Now that we have all these models we need something that will take an actual text, set the models lose on it and returns us just the Middle Dutch verses that we were looking for. This piece of machinery we will call the OCRParser. The OCRParser class takes a text and splits it on line breaks. Then it delegates the matching of lines to the models described above.
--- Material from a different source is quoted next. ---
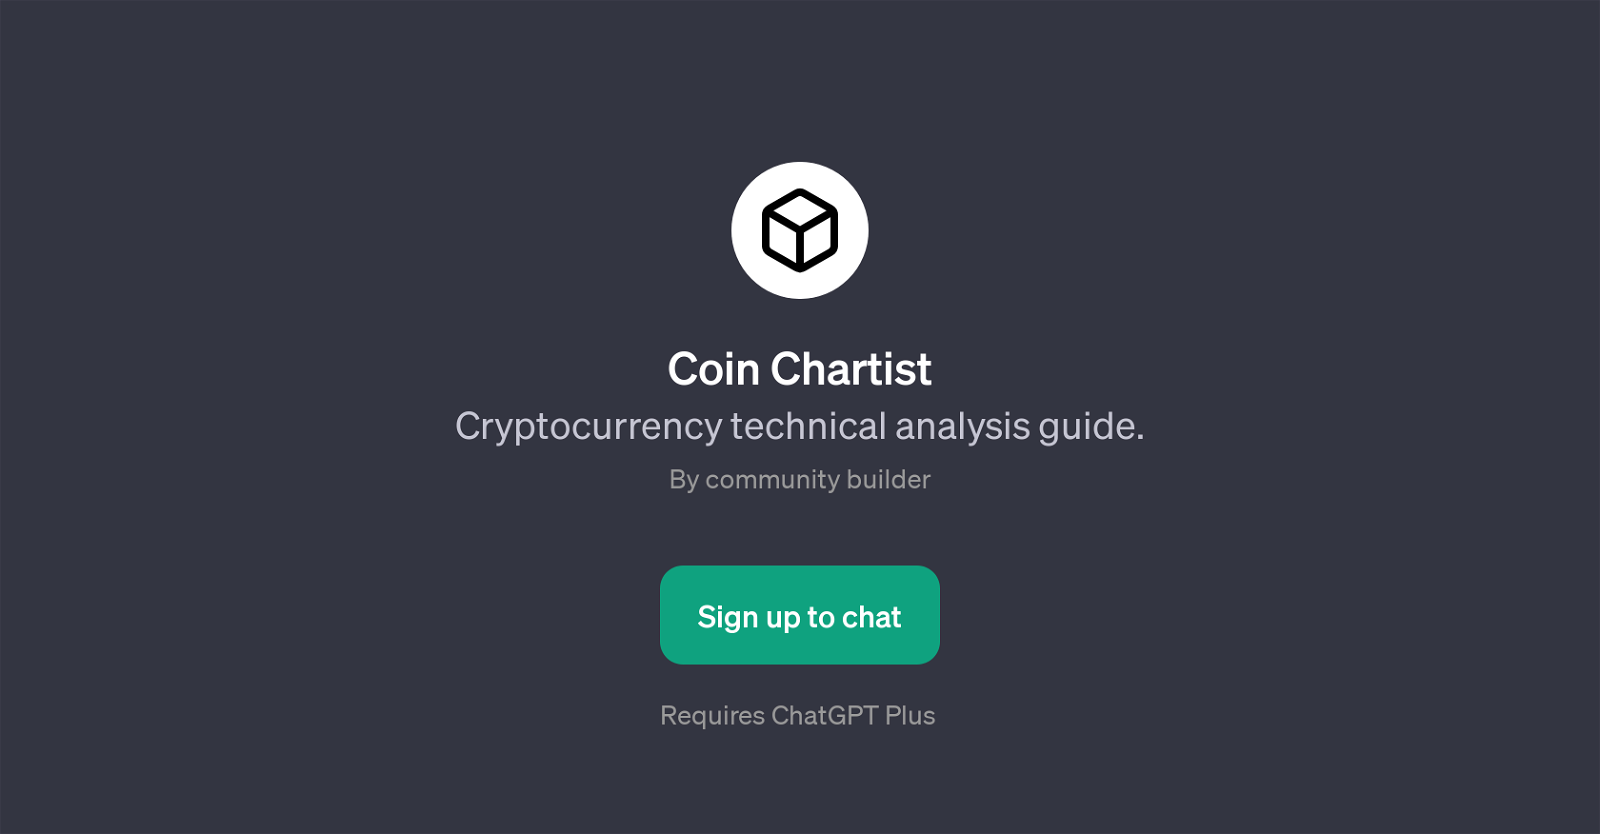 Coin Chartist website

It then returns only those lines that did not answer to any model, which should be only the Middle Dutch verses.


In [5]:
class OCRParser

  attr_accessor :models

  def text=( text )
    @text = text
    @lines = text.split( "\n" )
  end

  def load_text( file_path )
    self.text = File.read( file_path )
  end

  # Used by models to iterate over all lines for matching.
  def each_line
    @lines.each{ |line| yield line }
  end

  # Used by models to iterate over all lines for matching, when context is 
  # needed, e.g. in the case of the English model.
  # Context is provided as 10 lines before and after the current line.
  def each_line_with_context
    @lines.each_with_index do |line,index|
      yield line, @lines[(index-10)..(index-1)].reverse, @lines[(index+1)..(index+10)]
    end
  end

  # Delegates matching to the models.
  # yields each line [String] and its matches [Array]
  def match_lines
    matches = []
    @models.each { |model| matches.push( model.visit( self ) ) }
    matches = matches.transpose
    @lines.each_with_index do |line, index|
      yield line, matches[index].compact
    end
  end

  # TODO!! This needs to be adjusted (and that adjustment should go into the notebook).
  # The problem is that the knowledge that the footnote model may stretch
  # multiple lines is now embeddd in this method, but it should be knowledge
  # of the model and that can be 'handed' to the parser.
  def parse_to_annotated_array
    result = []
    context = []
    match_lines do |line, matches|
      if matches.include?( FootNote )
        context.pop
        context.push( FootNote )
      end
      if matches.include?( AllCaps )
        context.pop
      end
      if context.last != FootNote
        if matches.size() == 0
          result.push( [ "A", line, matches ] )
        else
          result.push( [ "I", line, matches ] )
        end
      else
        result.push( [ "I", line, matches ] )
      end
    end
    result
  end

  def parse
    raw = parse_to_annotated_array()
    raw.reject! { |annotated_line| annotated_line[0] == "I" }
    raw.map! { |annotated_line| annotated_line[1] }
  end

end

:parse

#### Kicking it into life
We have all the different parts now that yield the Middel Dutch text only to us. All that is left to do is to instantiate a new OCRParser, feeding it a text and the models, and the requesting the result. That's what the next little snippet finally does.

In [12]:
text = OCRParser.new
text.load_text( './resources/Bouwman_ Of Reynaert the Fox.txt' )
text.models = [ Empty.new, Numbers.new, FootNote.new, AllCaps.new, English.new ]
parsed = text.parse()
puts parsed.join( "\n" )

Willem die Madocke maecte, [192va,22]
daer hi dicken omme waecte,
hem vernoyde so haerde
dat die avonture van Reynaerde
in Dietsche onghemaket bleven
— die Arnout niet hevet vulscreven —
dat hi die vijte dede soucken
ende hise na den Walschen boucken
in Dietsche dus hevet begonnen.
God moete ons ziere hulpen jonnen!
Nu keert hem daertoe mijn zin
dat ic bidde in dit beghin
beede den dorpren enten doren,
ofte si commen daer si horen
dese rijme ende dese woort
(die hem onnutte sijn ghehoort),
dat sise laten onbescaven.
Te vele slachten si den raven,
die emmer es al even malsch.
Si maken sulke rijme valsch,
daer si niet meer of ne weten [192vb]
dan ic doe hoe dat si heeten
die nu in Babilonien leven.
Daden si wel, si soudens begheven.
Dat en segghic niet dor minen wille.
Mijns dichtens ware een ghestille,
ne hads mi eene niet ghebeden
die in groeter hovesscheden
gherne keert hare saken.
Soe bat mi dat ic soude maken
dese avontuere van Reynaerde.
Al begripic die grongaerde
ende die dorpren